Investors are anticipating potential policy measures aimed at boosting infrastructure and manufacturing, which are crucial sectors for copper demand.
Benchmark Copper Futures on the London Metal Exchange rose by 0.3 percent to $9,611.05 per ton, marking their highest level since mid-February. Copper Futures expiring in April dropped by 0.7 percent to $4.7718 per pound.
Trump’s economic defense
In a 100-minute-long address to Congress, Trump yesterday defended his economic plans and called for a wide range of tax cuts and spending reductions, while also repeating the administration’s intention—on national security grounds—to slap a 25% tariff on imports of aluminium, steel, and, importantly, copper. HG copper futures traded in New York surged over 5% after Trump suggested imports of the metal would also be subject to the high tariff—a move that, if implemented, would drive the premium in the New York markets well above the international price references in London and Shanghai. The initial response saw HG copper futures jump to trade at a 10% premium to prices on the London Metal Exchange (LME), before arbitrage activity saw traders step in to take advantage of the wide and potentially premature spike.f
While the US president has already signed an executive order to impose that levy on aluminium and steel from 12 March, the copper market may have seen a premature reaction, in the sense that an investigation carried out under Section 232 of the Trade Expansion Act normally takes months to be completed. This means the impact on prices will take longer to be felt than what is currently being priced in.
Tariff impact on metals
“In today’s trading, we have seen the cash-to-futures spread in silver widen again as traders take note of surging copper prices in New York, especially given the still-unresolved question of whether silver will also be impacted by tariffs. Gold, meanwhile, has stabilised following a massive transfer that has seen COMEX exchange-monitored stocks surge to levels last seen during the 2021 Covid-19 disruption to transatlantic flows,” remarked Ole Hansen, head of Commodity Strategy, Saxo Bank, to Economy Middle East.

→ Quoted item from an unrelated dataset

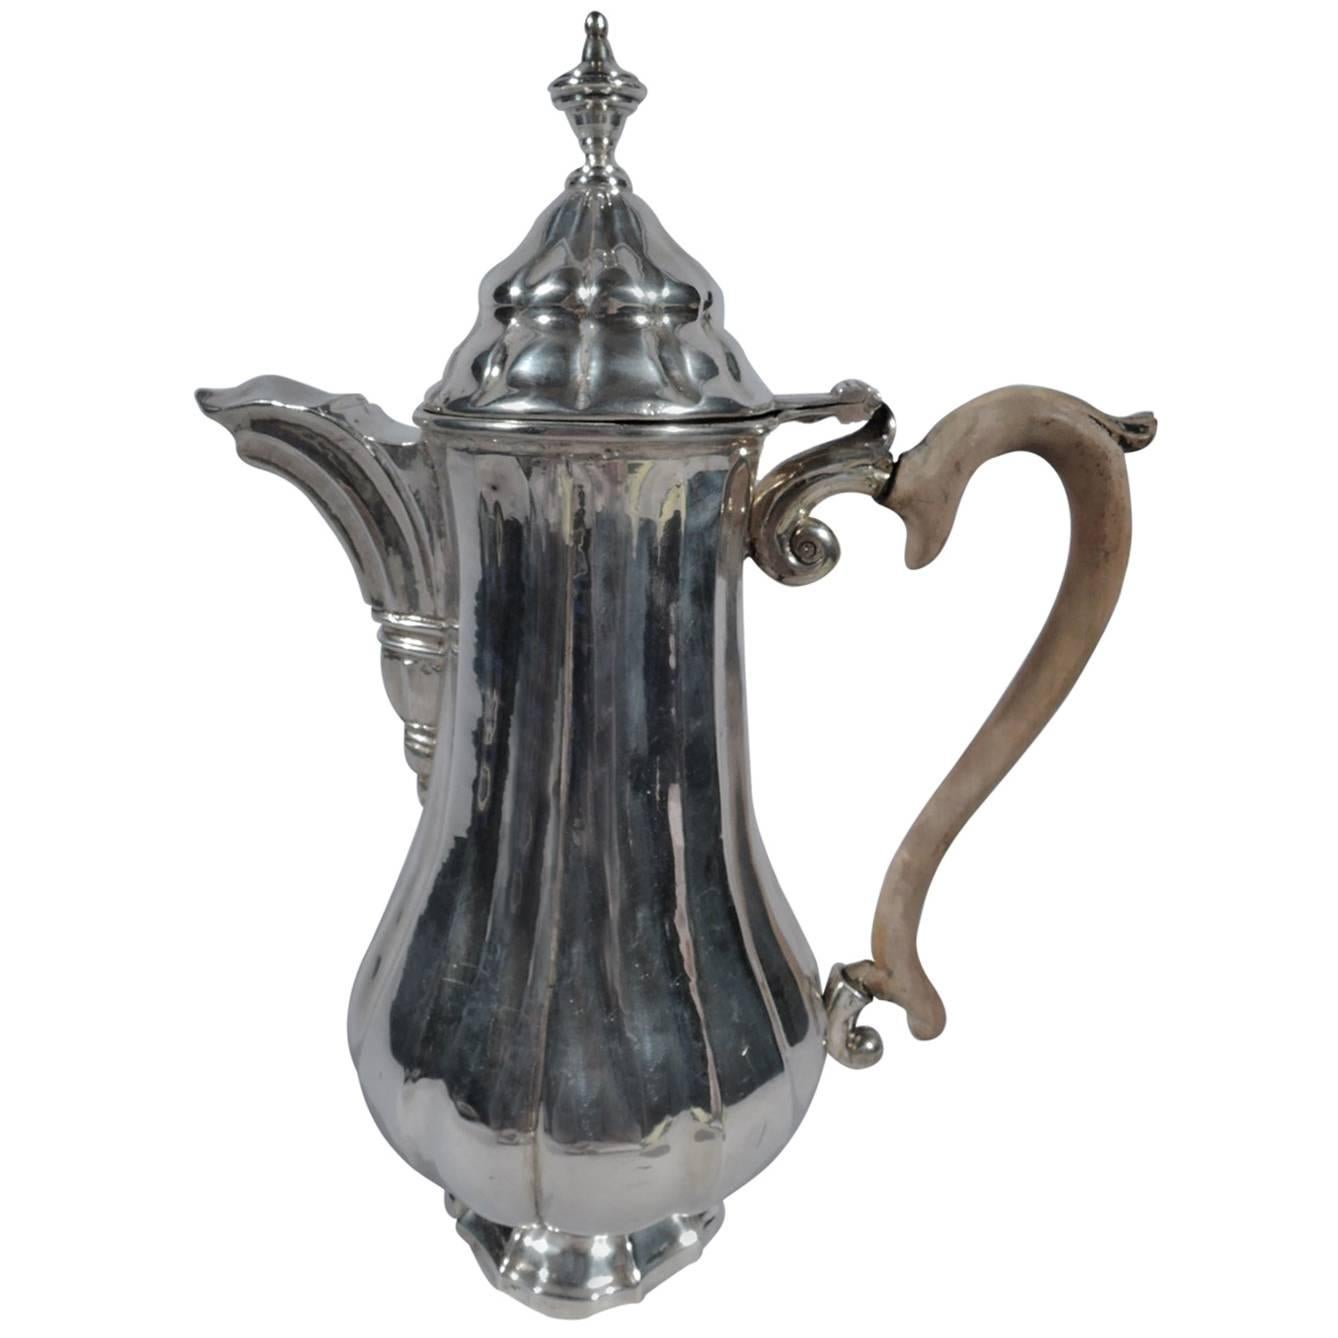 Antique Italian Silver Coffeepot in 18th Century Style
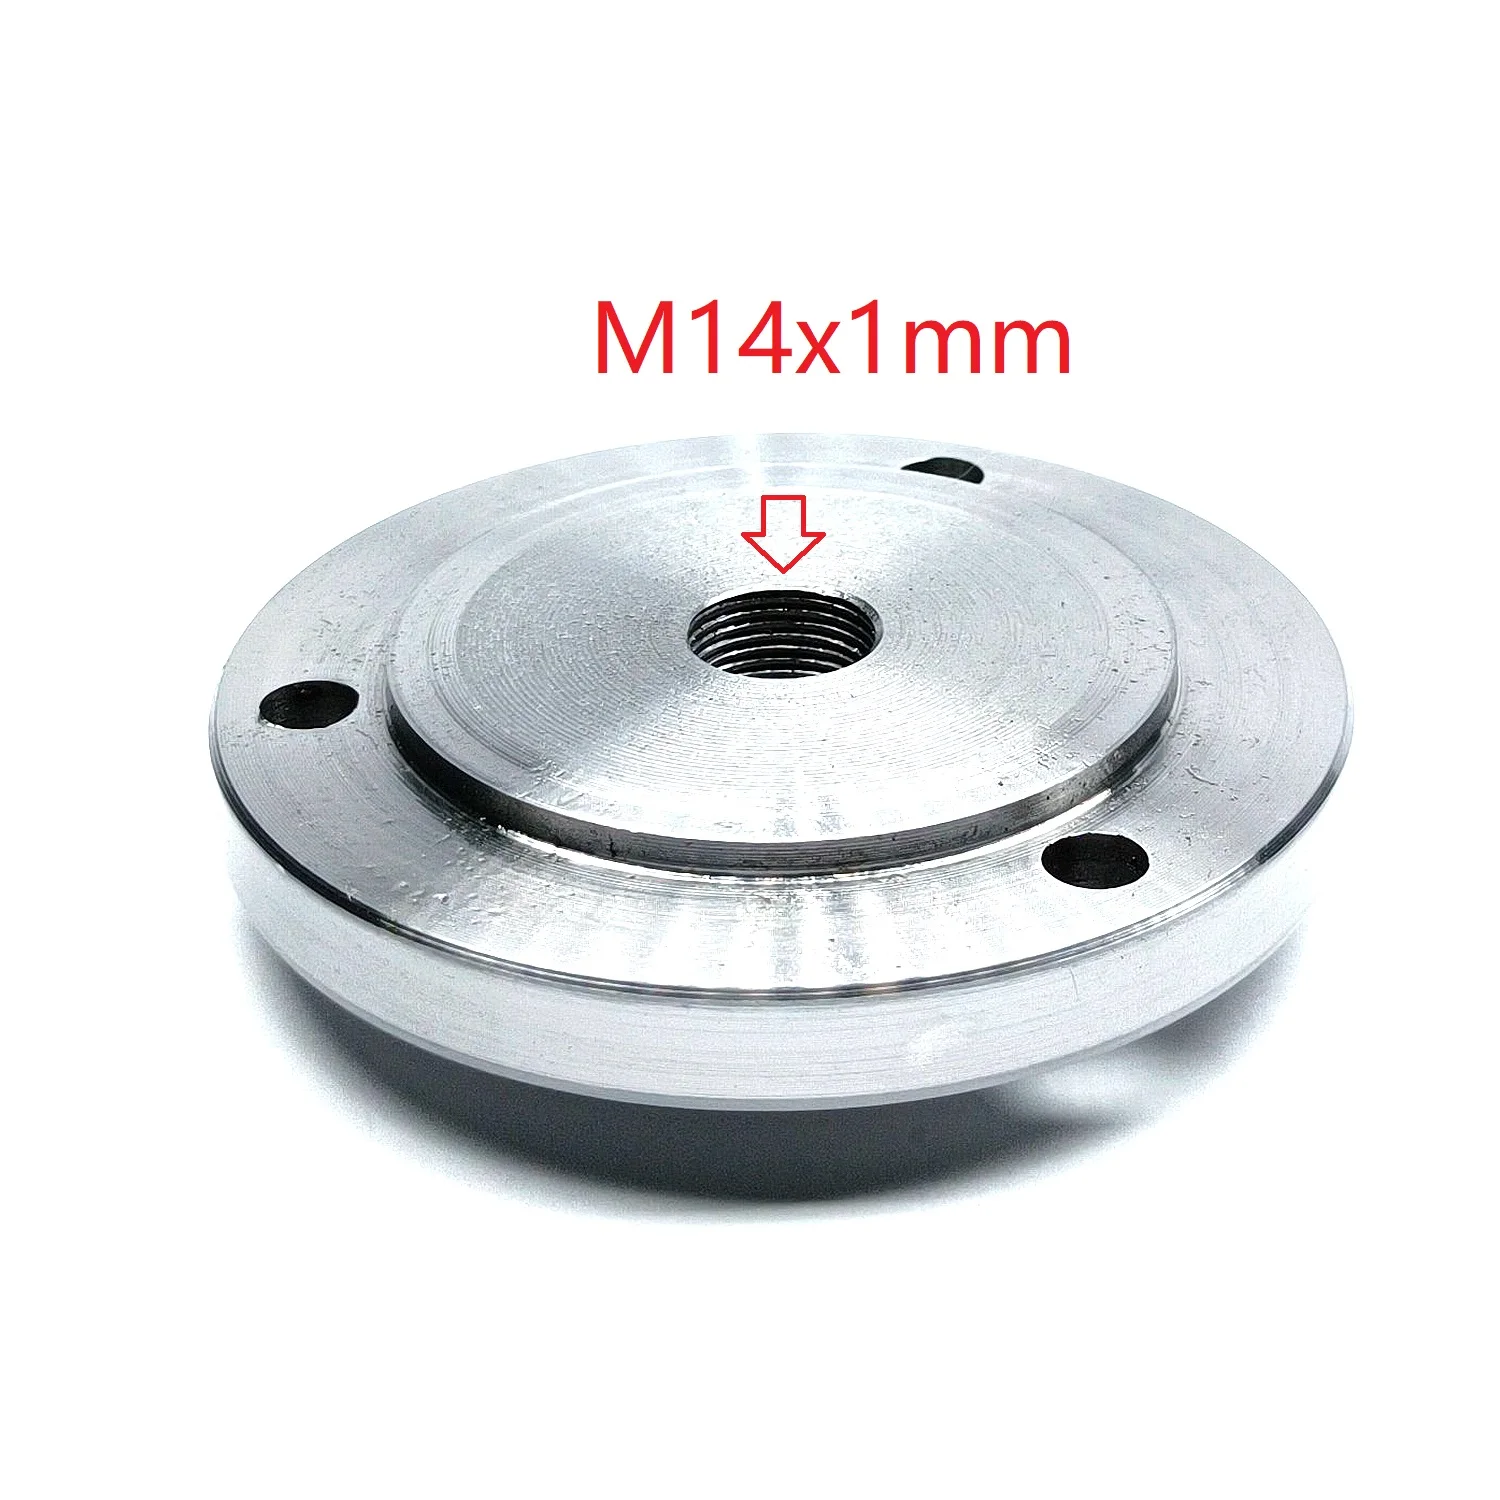 M14x1mm M14 Spindle Thread Chuck Insert Flange Back Plate Base Adapter K11-80 K12-80 K11-100 K12-100

“We maintain our long-held bullish outlook for copper, given the energy transition that will lead to surging demand for power—particularly towards electric vehicles (EVs), data centres, and cooling, as temperatures rise across the world. However, in this context, we view current price levels as non-representative of current supply and demand fundamentals, merely reflecting the need to shift metals around the world to avoid tariffs. Inadvertently, in the short term, this may have a slightly negative impact on the overall global demand outlook,” said Hansen.
Hansen further noted, “Looking ahead, and until the level of tariff becomes official, the US copper market will likely exhibit a greater level of volatility—some of which will filter through to London—as the worldwide hunt for copper that can be shipped to the US before any tariffs are imposed will support prices. The LME exchange will experience a draw on inventories, which is already being reflected in the spot-to-three-month spread. Following a long period of ample supply, the spread traded at a wide contango—an expression of a well-supplied market—but has now tightened to flat for the first time in 18 months.”